Storage and Databases Flashcards
AWS Snowball Edge data migration
Enable Petabyte scale offline data migration fron onpremises storage for databases into amazon s3
gp2 and gp3 EBS volume types
General purpose SSD that balances price and performance.
Can be used as boot volumes
io1 and io2 Block Express EBS volume types
Highest performance SSD volumes for mission critical low latency or high throughput.
Can be used as boot volumes
st1 EBS volume types
Low cost HDD volume for frequently accessed, throughput intensive workloads
sc1 EBS volume types
Lowest cost HDD volume designed for less frequently accessed workloads
EBS Snapshots
- Are incremental and use IO (shouldn’t be runned while app is handling a lot of traffic).
- Not necessary to detach volume.
- Can copy across regions.
Amazon Data Lifecycle Manager
Automate creation, retention and deletion of EBS snapshots and EBS backed AMIs.
Uses tags to identify resources.
EBS Multi Attach
Only avaible for io1/io2 family. Attach the same volume to multiple instances in the same AZ.
Amazon EFS
Managed NFS than can be mounted on Linux multi-AZ EC2 & on premises.
Can only attach to one VPC.
EFS perfomance mode
- General Purpose (default): latency sensitive use cases
- Max I/O: higher latency, throughput, highly parallel
EFS Throughput Mode
- Bursting: scales with the amount of storage in your file system
- Provisioned: if you know your workload’s performance requirements, regardless of storage size
- Elastic: Automatically scales based on your workload
EFS storage classes
- Standard: frequently accessed files, high performance
- Infrequent access: cost to retrieve files, lower price to store
- Archive: rarely accessed data (50% cheaper)
EFS Access Points
Application-specific entry points that make it easier to manage access to shared datasets.
Enforce user identity, clients can only access data in the specified directory or its subdirectories.

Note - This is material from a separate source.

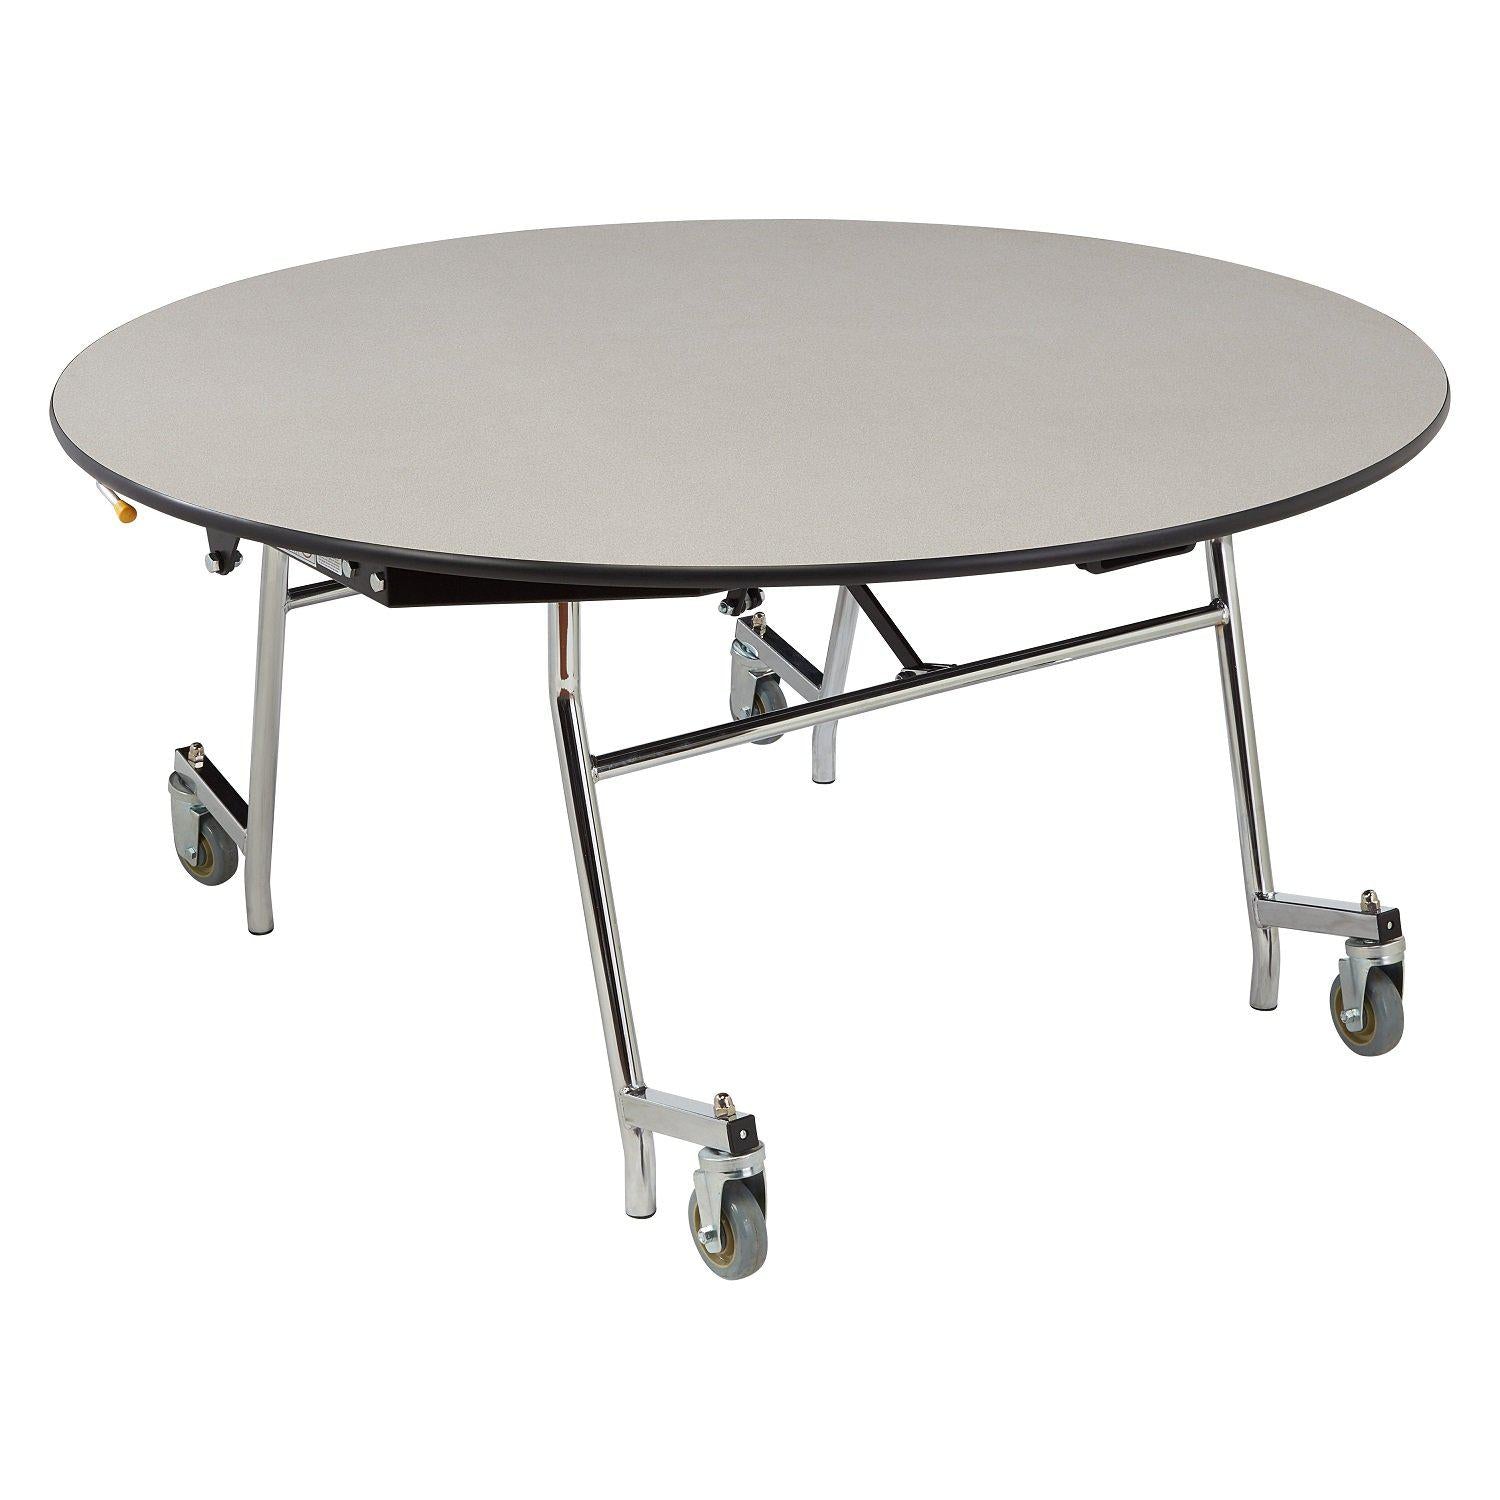 Mobile EasyFold Table, 48" Round, Particleboard Core, Vinyl T-Mold Edge, Chrome Frame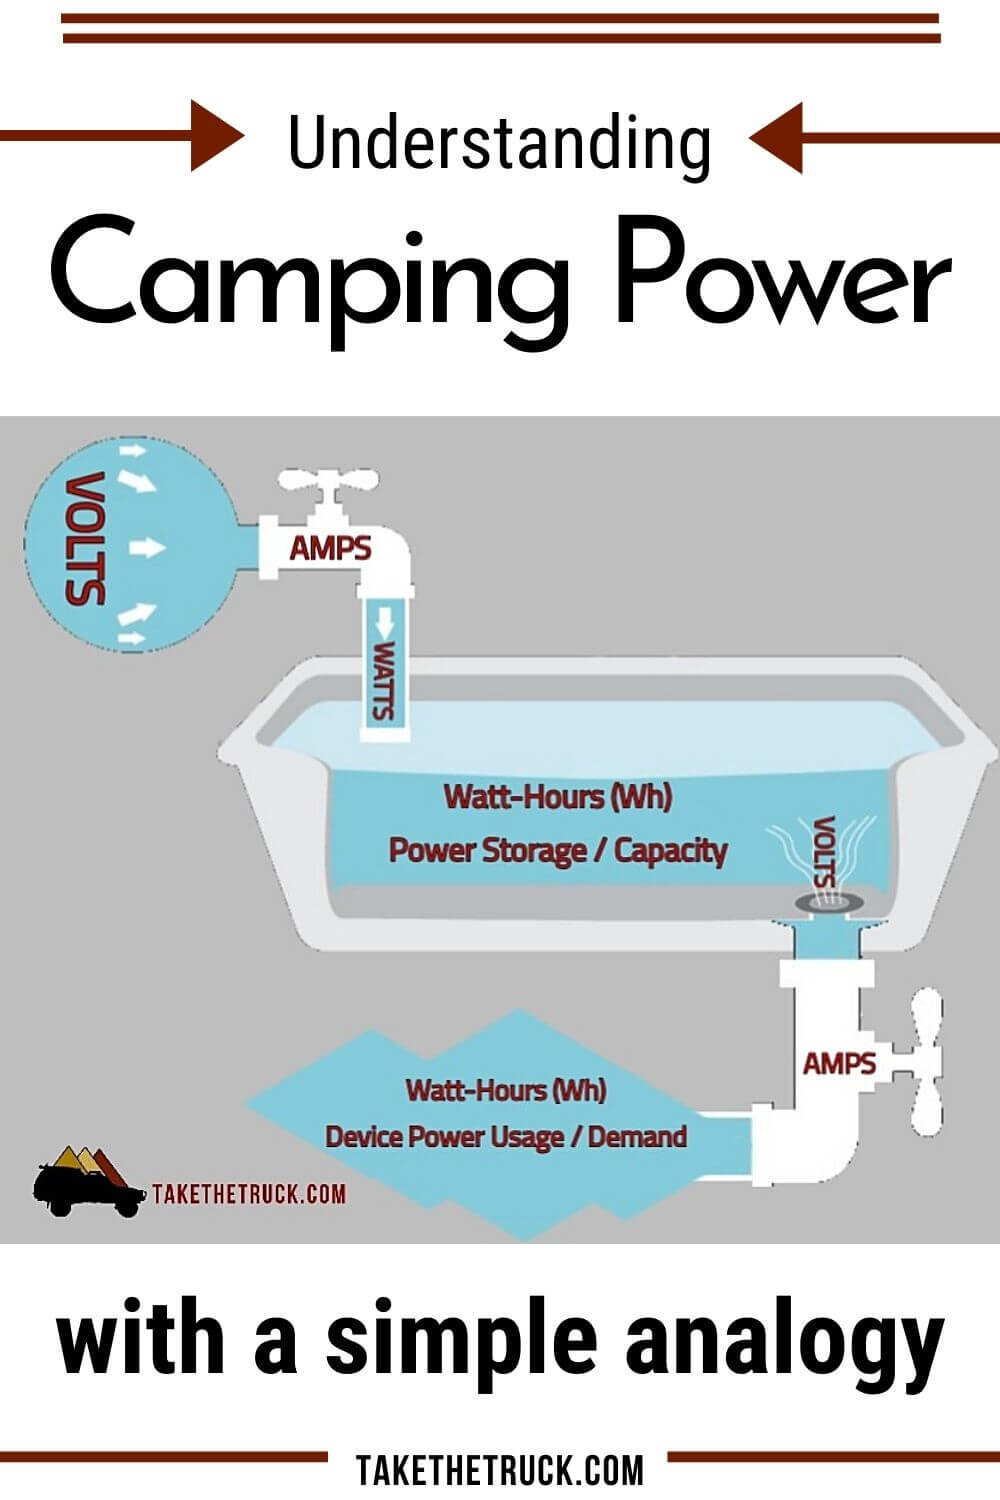 Camping power and electrical terms made easy to understand and apply to your van build, truck bed camper, or other camper (amp hours, watts, amps, watt hours, volts, AC and DC power).

EFS Cross Region Replication
Can be setup for new or existing EFS.
1. Provides RPO and RTO of minutes
2. Doesn’t affect the provisioned throughput
Storage Classes
S3 Standard
- General purpose storage for frequently accessed data
- Low latency and high throughput performance
Storage Classes
S3 Intelligent-Tiering
- Automatic cost savings for data with unknown or changing access patterns
- Opt-in asynchronous archive capabilities for objects that become rarely accessed
- Small monthly monitoring and automation charge
- No operational overhead, no lifecycle charges, no retrieval charges, and no minimum storage duration
Storage Classes
S3 Express One Zone
- High performance storage for your most frequently accessed data
- Consistent single-digit millisecond request latency
- Improve access speeds by 10x and reduce request costs by 50% compared to S3 Standard
Storage Classes
S3 Standard Infrequent Access
- Infrequently accessed data that needs millisecond access
- Same low latency and high throughput performance of S3 Standard
Storage Classes
S3 One Zone-Infrequent Access
- Re-creatable infrequently accessed data
- Same low latency and high throughput performance of S3 Standard
Storage Classes
S3 Glacier Instant Retrieval
- Long-lived data that is accessed a few times per year with instant retrievals
- Data retrieval in milliseconds with the same performance as S3 Standard
Storage Classes
S3 Glacier Flexible Retrieval
- Backup and archive data that is rarely accessed and low cost
- Ideal for backup and disaster recovery use cases when large sets of data occasionally need to be retrieved in minutes, without concern for costs
- Configurable retrieval times, from minutes to hours, with free bulk retrievals
Storage Classes
S3 Glacier Deep Archive
- Archive data that is very rarely accessed and very low cost
- Ideal alternative to magnetic tape libraries
- Retrieval time within 12 hours
S3 Replication
Versioning must be enabled
* Cross region replication
* Same region replication
* S3 replication time control: Replicates most objects in seconds
S3 Baseline Performance
3500 PUT and 5500 GET requests per second per prefix in a bucket
S3 multi-part upload
Upload object parts independently, and in any order. If transmission of any part fails, you can retransmit that part without affecting other parts.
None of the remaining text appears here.